In a recent note to clients, Singular Research reduced estimates and maintained their SELL rating on Tech Data (TECD) following Q2 earnings (see conference call transcript). The firm cited fundamental deterioration masked by share repurchase and currency gains; weak demand in North America; and pricing pressures which lead to lower margins and worse than expected EPS. Key excerpts follow:
Tech Data reported revenues that were at the upper end of its guidance, but below our forecast. EPS was below our forecast and consensus estimates. The increasing pricing pressures that management had reported at the end of Q1:09 continued through Q2:09. Price competition remains particularly acute in large accounts in the Americas. Demand for IT products also is weakening further, particularly in the US.
Despite strong Latin American revenue growth of 40%, total revenues from the Americas segment was down 3.3%, worse than company guidance. European revenue growth of 23.9% was supported by the strong Euro and contributions from the Scribona acquisition.

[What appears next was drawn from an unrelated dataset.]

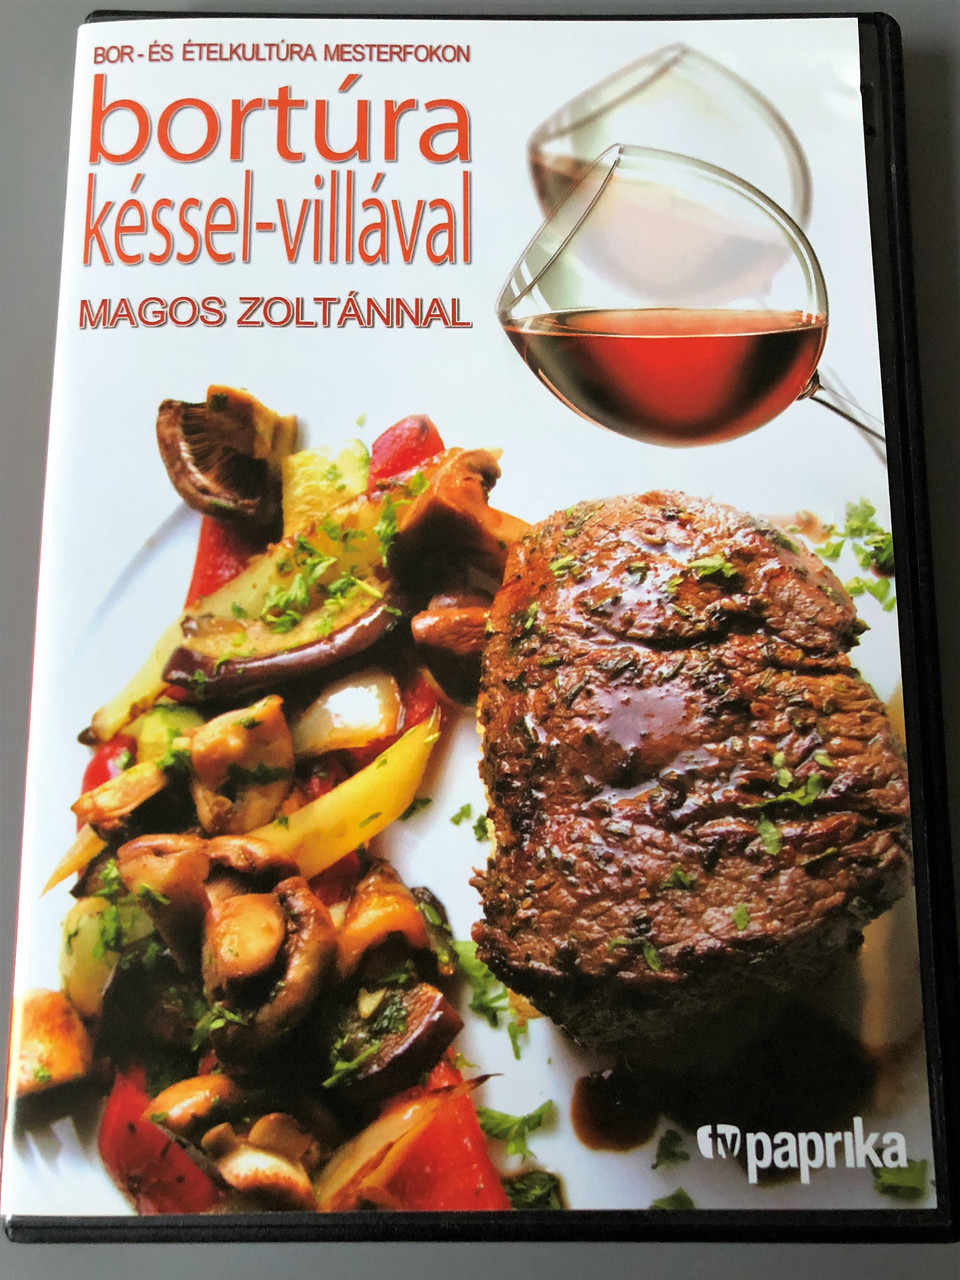 Bortúra késsel-villával - Magos Zoltánnal DVD / Bor- és Ételkultúra  Mesterfokon / Recipes, Wine and cooking in Hungary / TV Paprika -  bibleinmylanguage

On a same store basis, European revenues grew approximately 2%. The company is maintaining its pricing discipline, walking away from deals that to not meet its profitability targets. Margins declined in the Americas and remain weak in Europe. In the quarterly conference call, management repeated its view of an uncertain environment that is mixed with pockets of strength amid general weakness. The tough pricing environment continues, and the company reports signs of a developing slowdown in IT spending.
The Scribona acquisition is propping up European revenues, but integration costs make it dilutive in FY:09. TECD customers are not seeing any change in their IT spending plans in the next two quarters. The company bought back 2.4 million shares or 4.6% of shares outstanding in the quarter.
We perceive this as a sign of a lack of investment opportunities for TECD. Despite the stock buyback, EPS declined 14.7%. We are decreasing our FY:09 revenue and EPS forecasts due to the soft Q2:09 and company guidance that is weaker than our previous forecast. Despite our above consensus projections, the company is not earning its calculated cost of capital. We reiterate our SELL rating.